None of those things had zero price and zero cost. The fact that the consumer didn't pay directly for them is irrelevant. You can try testing your theory by trying to sell a "painting" created by DALLE/whatever for more than a third-rate amateur painter can sell one of his. Good luck with that, especially when access to the model becomes easy.

>People respond to the quality of the work, not who made it

This is so painfully incorrect and naive (and contra anything we know about the value of everything which creation has been automated before) that I think it's meaningless to continue this conversation.


>You can try testing your theory by trying to sell a "painting" created by DALLE/whatever for more than a third-rate amateur painter can sell one of his. Good luck with that, especially when access to the model becomes easy.

As if that proves anything? Sale price is irrelevant.
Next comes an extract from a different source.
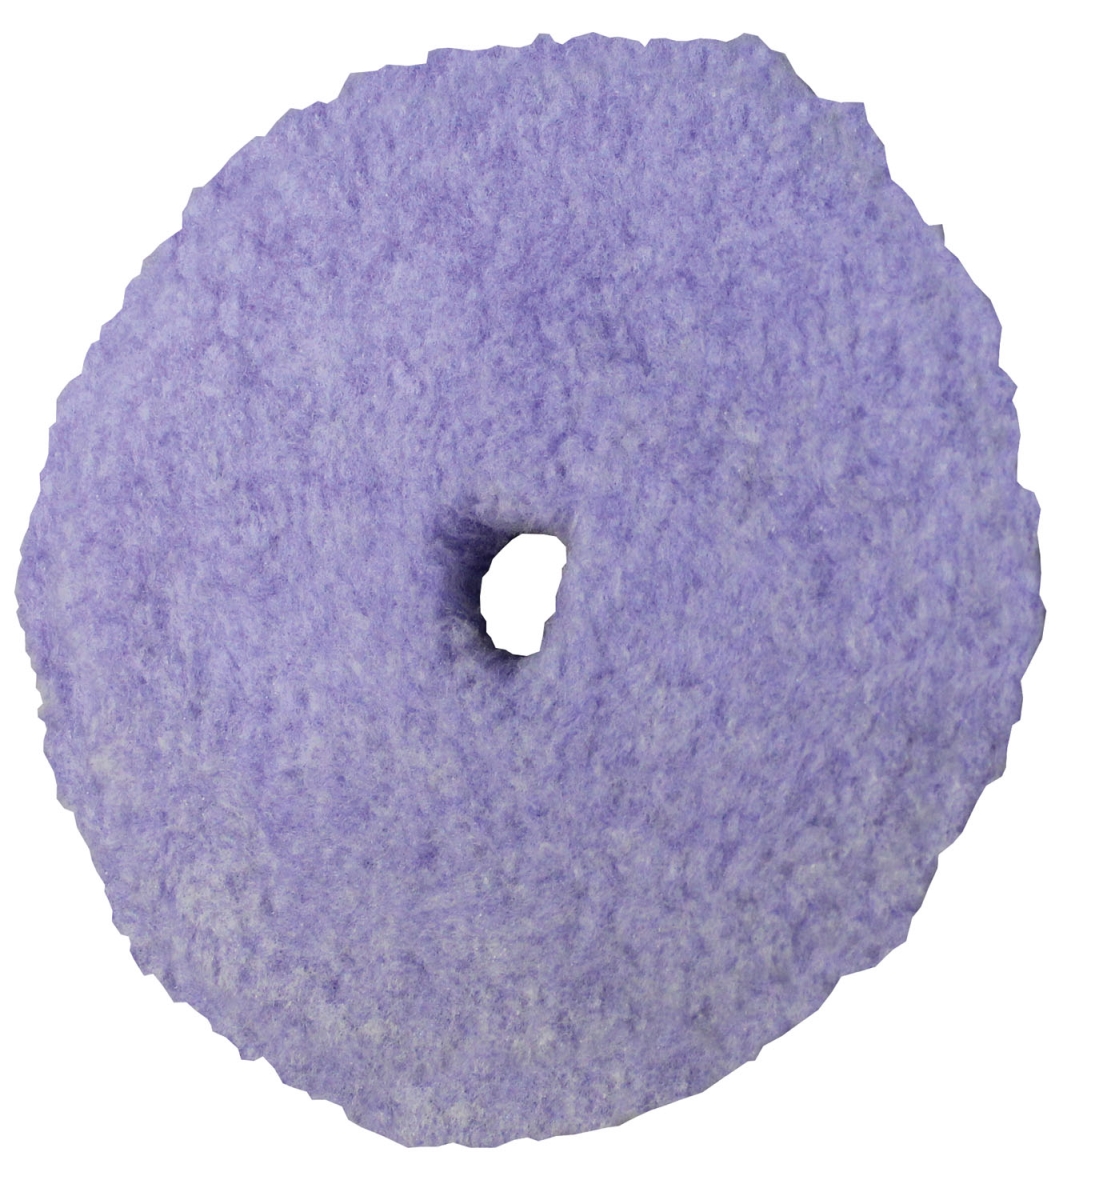 Pst-890186 3 In. Foamed Wool Heavy Cut Pad - Purple - Pack Of 4

There are paintings sold for millions that 99.9% of the people could not give less fucks for, and "amateur painter" stuff that touch most people who see them.

It's also not like a $2 million in production costs Michael Jackson song with $50M sales is "better" artistically (as opposed to commercially) than a song composed and played by some random guy on an acoustic for ~0.

>This is so painfully incorrect and naive (and contra anything we know about the value of everything which creation has been automated before) that I think it's meaningless to continue this conversation.

It was meaningless to begin with, as you don't discuss, you present your "ultimate truth" ("contra anything we know", lol).

In fact there are tons of works where the creator is anonymous (from folk music and art to early house, techno and rave music, a scene with cherished anonymity), and people respond to it just fine...


That's a lot of people to dehumanize with a single swift no true Scotsman.


> The idea of "theft" in that regard came in the last 2 or so centuries, and was enforced with artificial legal barriers and new "ethical" concepts that are neither "natural", not present for the vast majority of history

This is true for other forms of property as well, like land ownership.